BRITISH cinema continues its fascination with adapting Ian McEwan novels, following this year’s romance drama On Chesil Beach, with this moral drama based on his 2014 book of the same name.

The incomparable Emma Thompson plays Fiona, a High Court judge specialising in family law who takes on some of the most challenging cases the system can conjure up.

One day she finds herself going against her usual approach of never getting emotionally involved by visiting the hospital bedside of 17-year-old Adam (Dunkirk’s Fionn Whitehead), who has leukaemia.

In keeping true to his faith as a Jehovah’s Witness and the likewise beliefs of his fraught parents (Ben Chaplin and Eileen Walsh), Adam is refusing a blood transfusion he desperately needs. Should she rule that the hospital force treatment on him? Or should she respect his wishes, most likely leading to his death?

It feels more like a two-part BBC drama than anything necessarily cinematic. However, working from a script by McEwan himself, director Richard Eyre (Iris, Notes on a Scandal) delivers a solidly compelling drama that melds together the sombre and the stirring, while also posing some harsh and fascinating moral conundrums for us to wrangle with right alongside the central character.

It’s intriguing to see how the drama unfolds as Fiona gets involved on a personal level she never usually goes near and how it ripples throughout her life.
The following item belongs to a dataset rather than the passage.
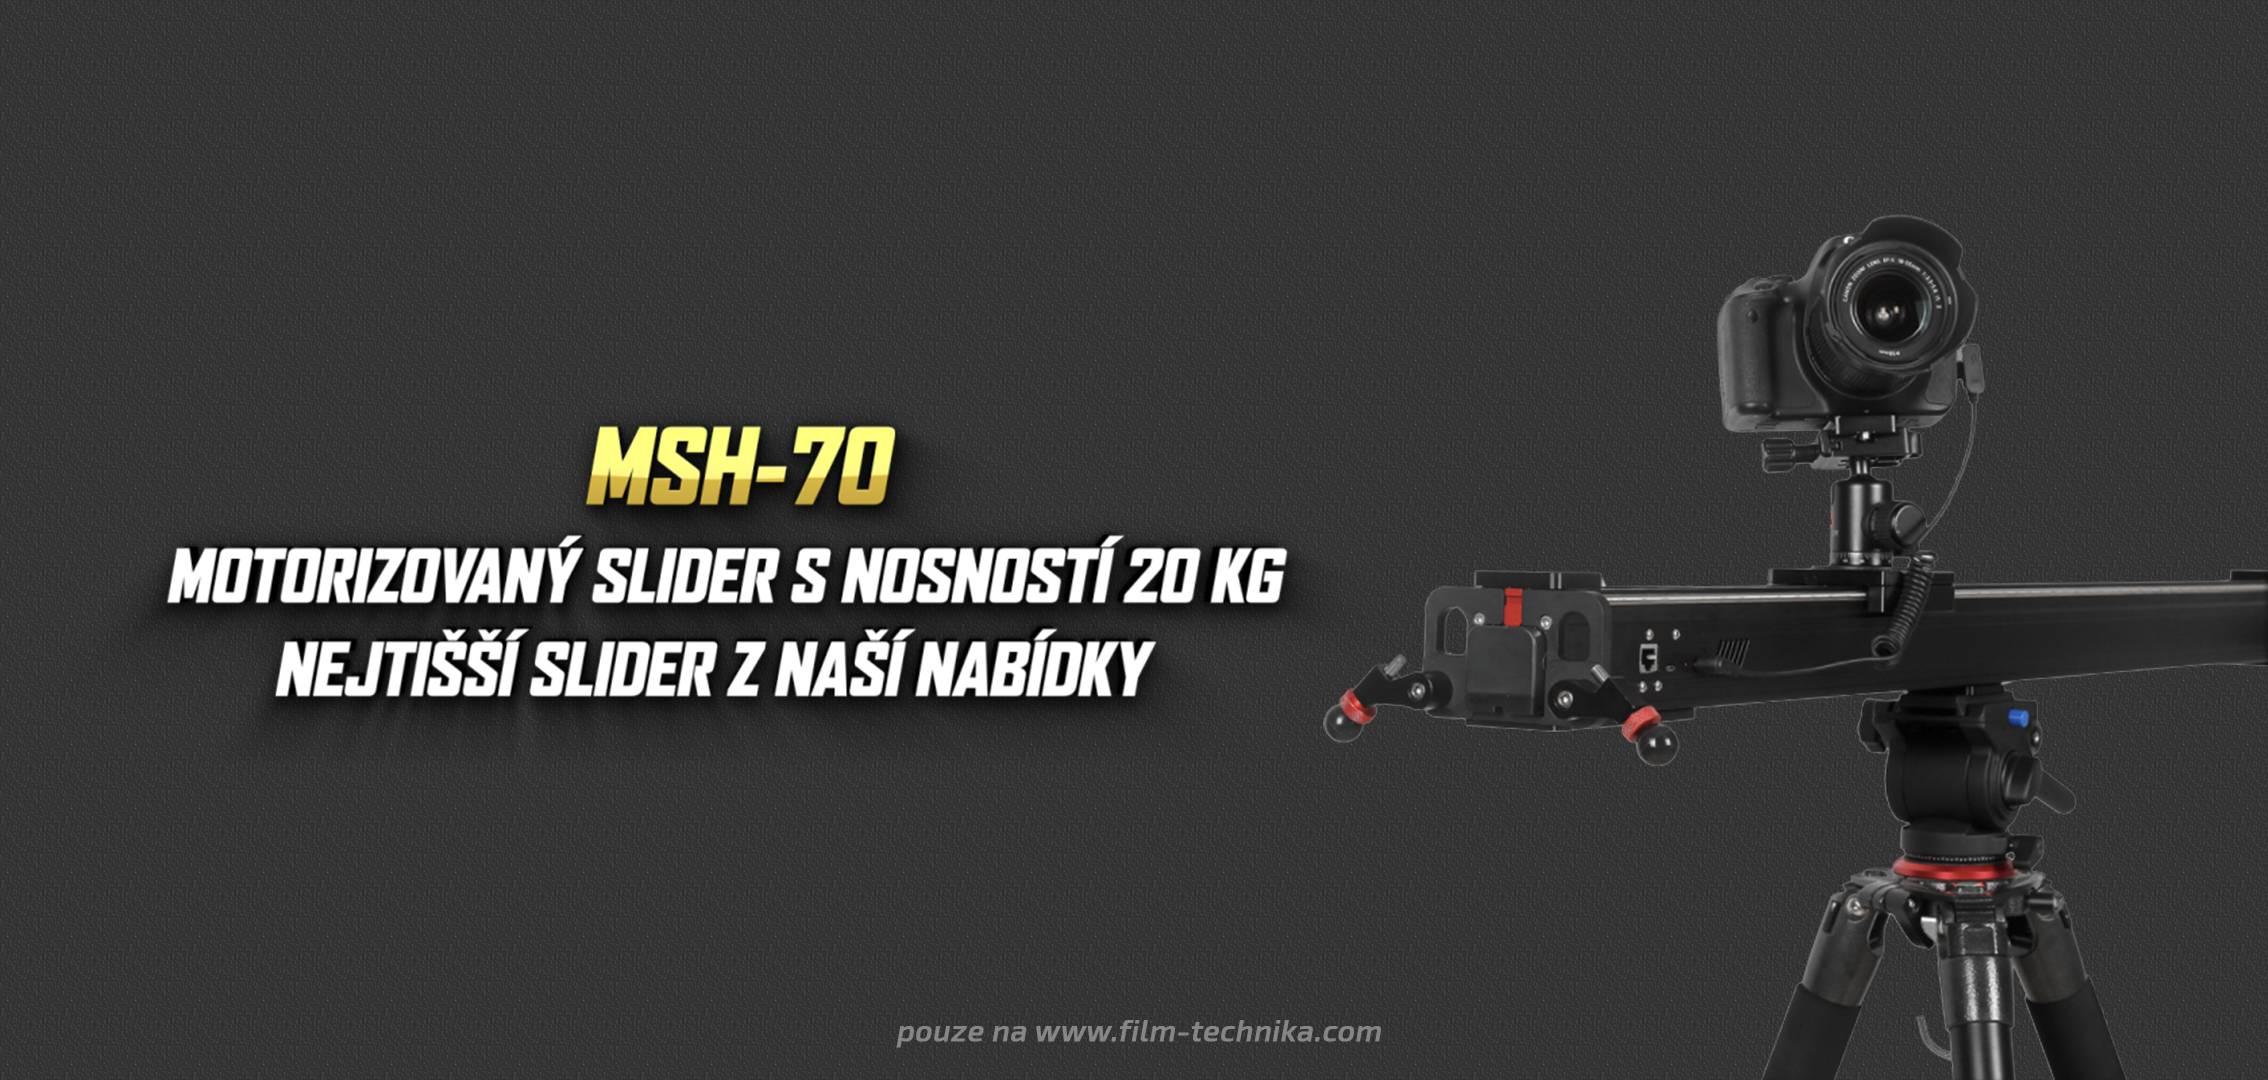 film-technika-motorizovaný-slider-msh-70-slider-s-nosnosti-20-kg-2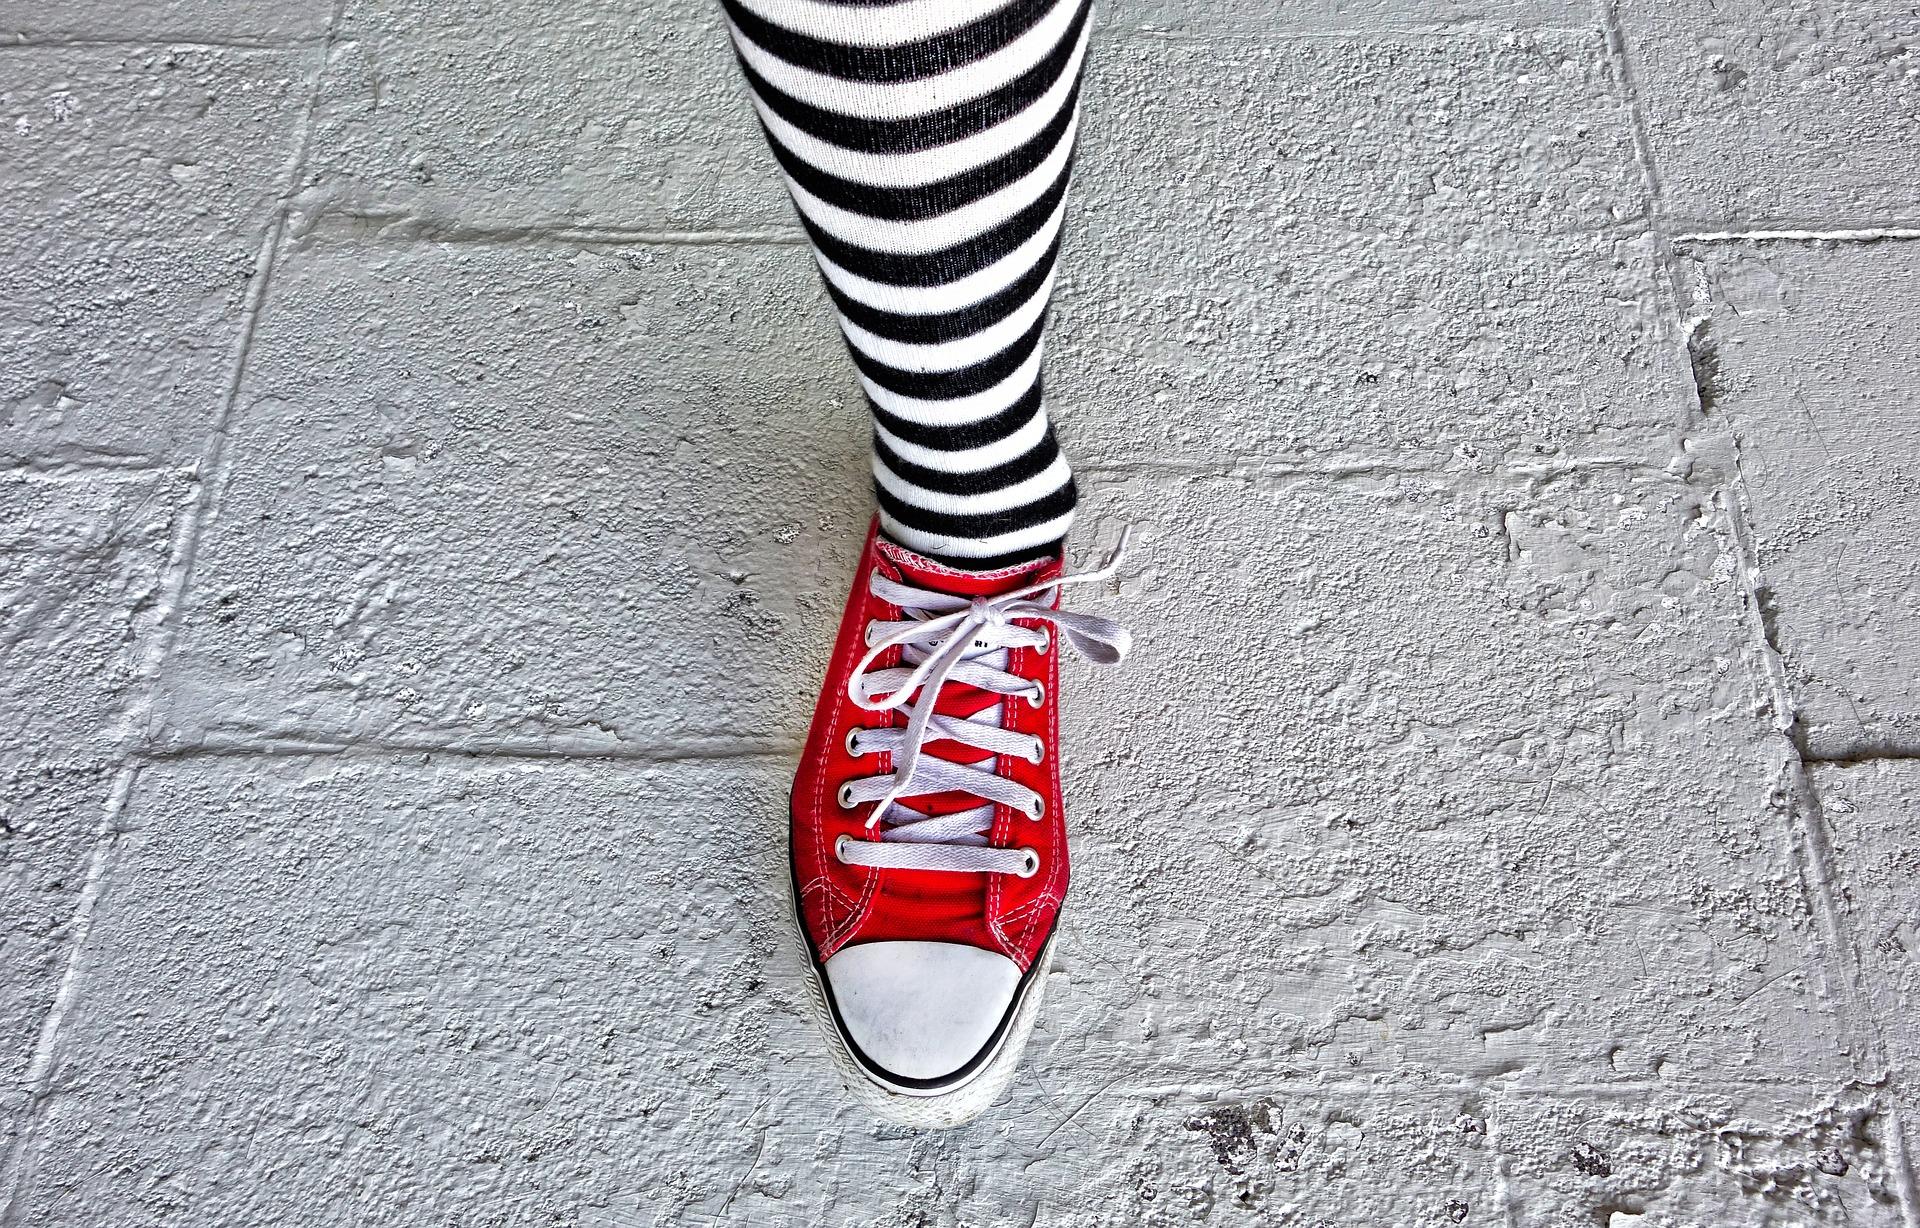 00ccb36a41f Cheap Knee High Socks - Where to Buy Cheap Knee High Socks

Chiefly this includes her already crumbling marriage to academic American husband Jack (a subtly affecting Stanley Tucci). The film is often at its strongest when dealing with the fallout of their marital issues which feeds into and compounds Fiona’s increasingly difficult position of legal power.

Straight away we get that feeling that her bottling up the effect of all these decisions proves emotionally overwhelming in a rather devastating sequence in which Thompson gets to show off just why she’s one of the finest acting talents working today.

She’s rarely off-screen throughout and carries on her shoulders a narrative that, despite sometimes skating off into unnecessarily protracted melodrama, has a lingering power.